Like many social networks, Pinterest loads the next trigger during the Investment Phase of the hook. For many of the site’s 50 million monthly users, the online pinboard replaced the habit of browsing fashion-focused websites — and before the web, flipping through magazines and dog-earing favorite pages. [cxii]
The internal trigger for users is often boredom, for which the site offers a quick cure. Once registered, the only action required of users is to start scrolling as Pinterest showcases a wealth of variable rewards. First, because Pinterest is a socially-curated collection of interesting items, the site displays a powerful intermittent reward surrounding the hunt for objects of desire, even if they are only images. The site also provides a means of communicating with friends and people who share similar tastes. The Rewards of the Tribe come from the variability of posting images as a communication medium. A user might be curious to know what a friend has pinned not only because of the image itself, but because of her relationship with the pinner.
Finally, Pinterest users invest in the site every time they pin an image of their own, re-pin someone else’s image, comment on, or like a piece of content on the site (figure 36). Each of these tiny investments gives Pinterest data it can use to tailor the site to each user’s individual taste, it also loads the next trigger. Each pin, re-pin, like, or comment gives Pinterest tacit permission to reach back out to the user with a notification when someone else contributes to the thread, triggering the desire to visit the site again to learn more.
Figure 36
***
Pinterest clearly demonstrates the four stages of the Hook Model. It is a seamless flow, from the itch of the internal trigger that moves users to the intended action, through the variable reward, and finally to the investment, which also loads the next external trigger. Pinterest users move through the Hook cycle from beginning to end, and then happily return to the starting point for another go ‘round.
In this chapter, we have learned how an investment in the product serves as the string that pulls the user back. To do this, the habit-forming technology increases the value of the product with each pass through the Hook. Through successive cycles of the Hook Model, users increase their affinity for the experience. They increasingly come to rely on the product as the solution to their problems until finally, the new habit — and routine — is formed.

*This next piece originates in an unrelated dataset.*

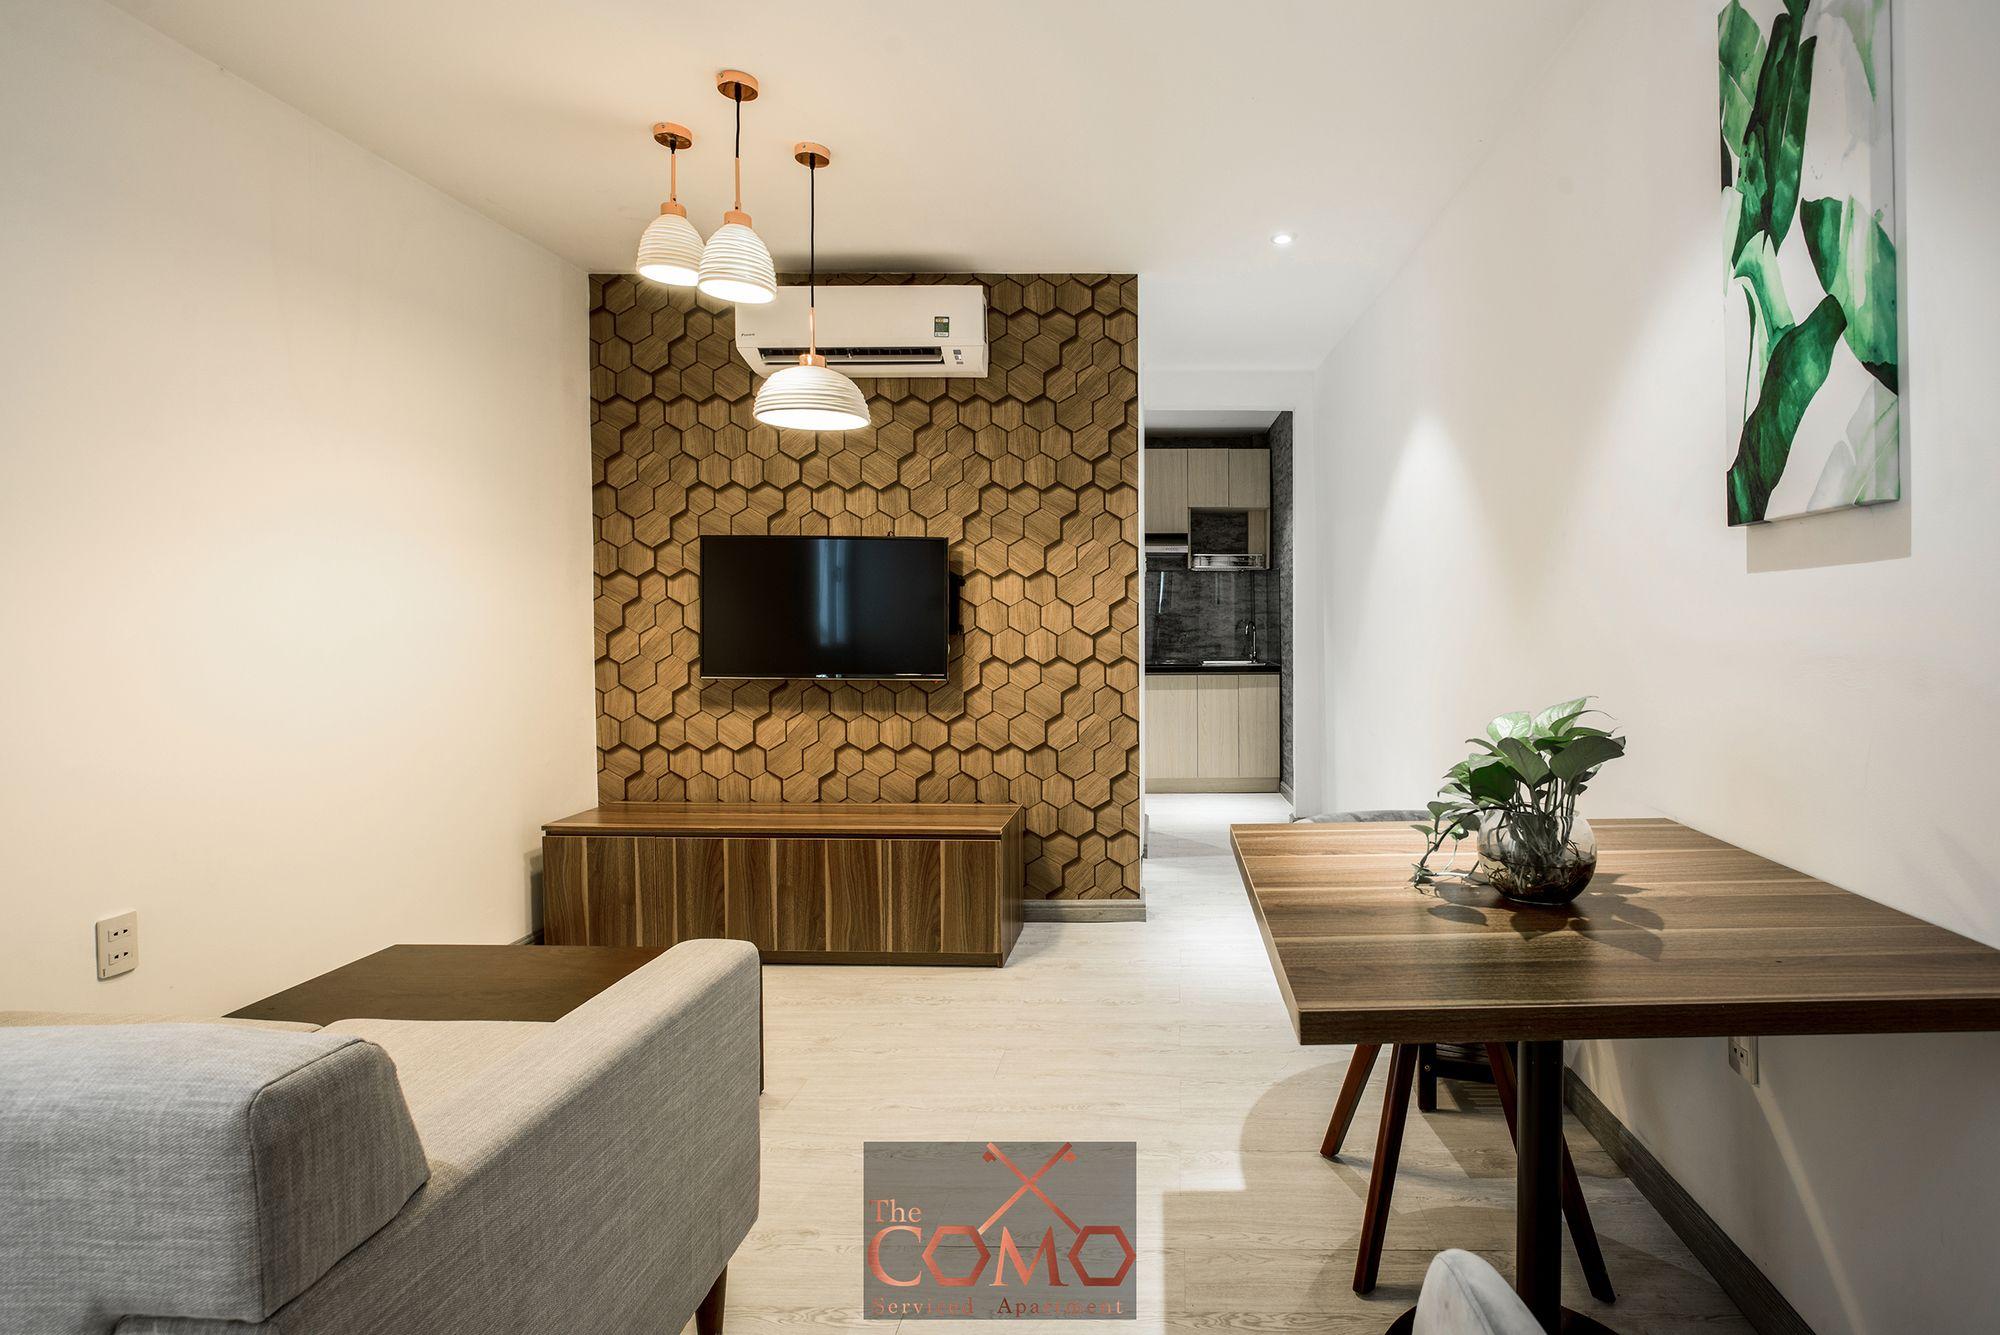 The Como Le Lai Central Apartment

The more users invest in a product through tiny bits of work, the more valuable the product becomes in their lives and the less they question its use. Of course, users do not stay hooked forever. Invariably, the next big thing will come along and provide a better, more compelling hook. However, by creating habits fueled by investments in a product or service, companies make switching to a competitor difficult. User habits are hard to break and confer powerful competitive advantages to any company fortunate enough to successfully create them.